Ecology: How coral recovery is impaired on the Great Barrier Reef
Nature
April 4, 2019
After the mass bleaching events in 2016 and 2017 on the Great Barrier Reef, recruitment of new coral larvae fell by 89% according to a study published online in Nature this week. Given the projected increase in the occurrence of extreme climate events over the next two decades, the extent to which the Great Barrier Reef will be able to recover is unclear.
The Great Barrier Reef experienced mass bleaching events four times in the past 20 years and, under a business-as-usual scenario for greenhouse gas emissions, projections suggest that it will bleach twice a decade from 2035 and annually after 2044.
To investigate the capacity of the Great Barrier Reef to recover after extreme climate events, Terry Hughes and colleagues examined the relationships between the adult stock and larval recruitment of corals before and after the mass bleaching events in 2016 and 2017. The authors found that the loss of adult coral was associated with a collapse in larval recruitment and there was a shift in the composition of the coral species that were recruited.
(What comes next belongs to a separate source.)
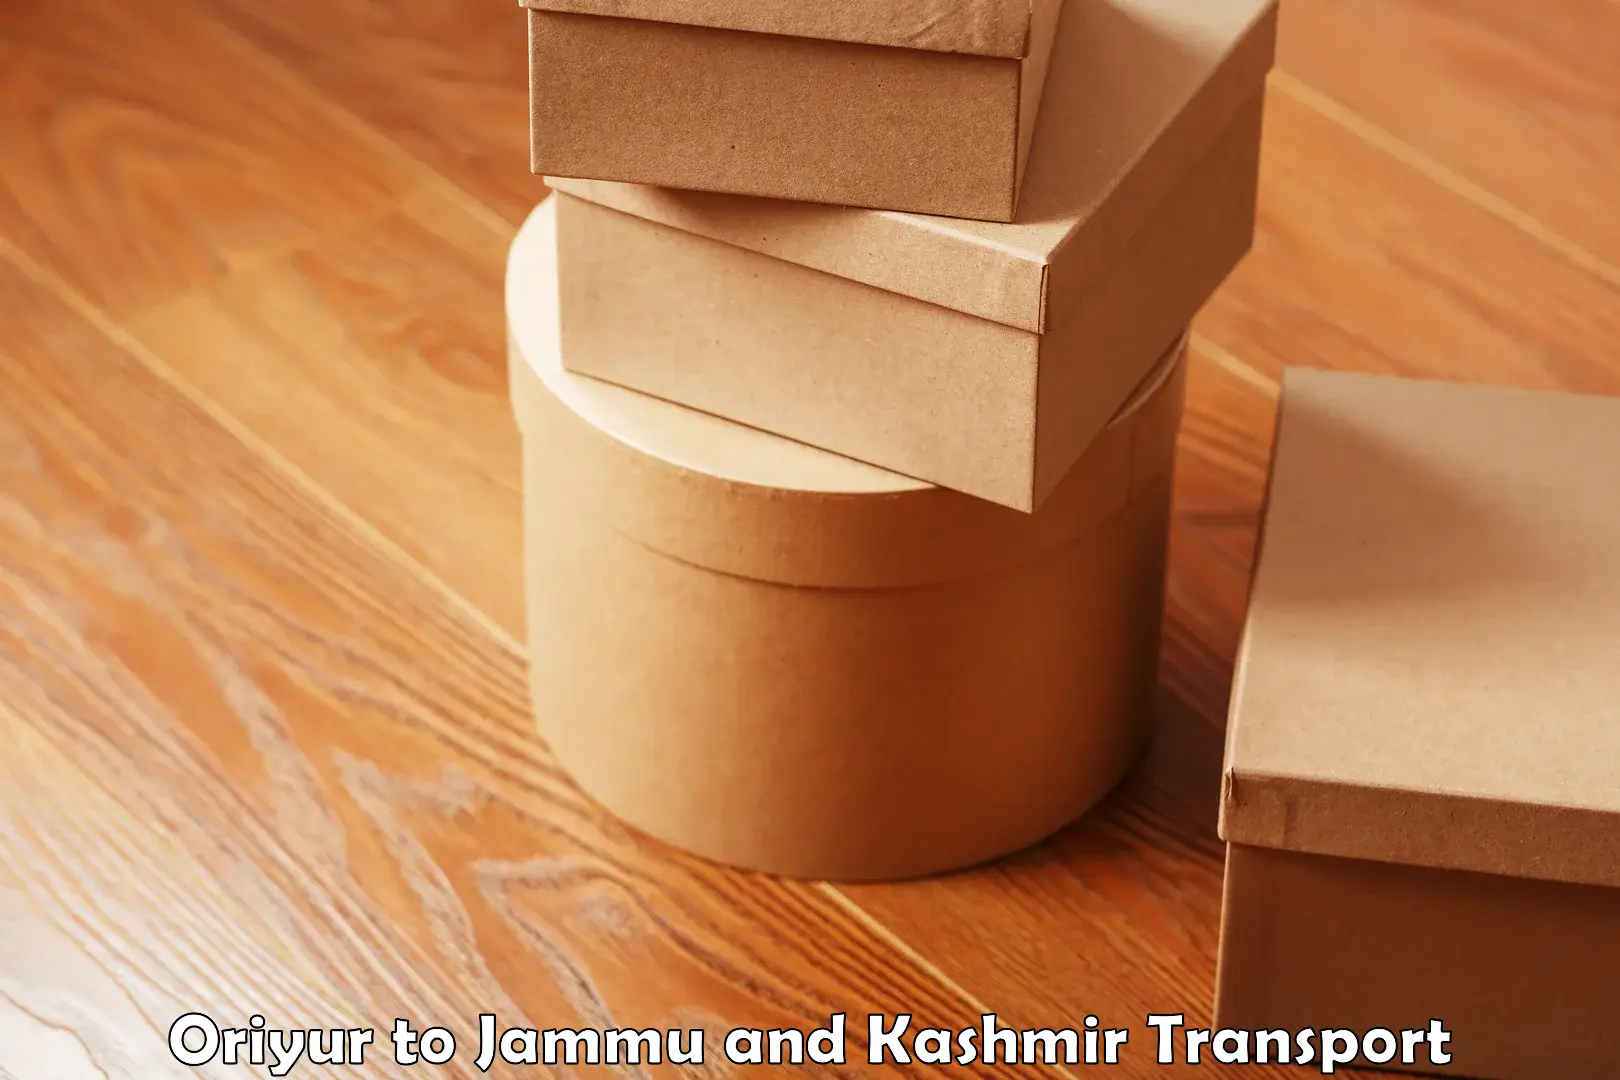 Delivery service Oriyur to Jammu and Kashmir

Brooding species of coral release fertilized larvae that typically settle within a day, whereas spawners release eggs and sperm that are externally fertilized and larval settlement takes place four to seven days later. In the depleted recruitment pools, they observed that locally sourced larval recruits of brooders became the dominant population rather than the more widely dispersed and diverse larvae of spawners.
The authors conclude that the shift in larval recruitment will influence the composition of recovering coral assemblages and could affect their ability to cope with bleaching events in the future.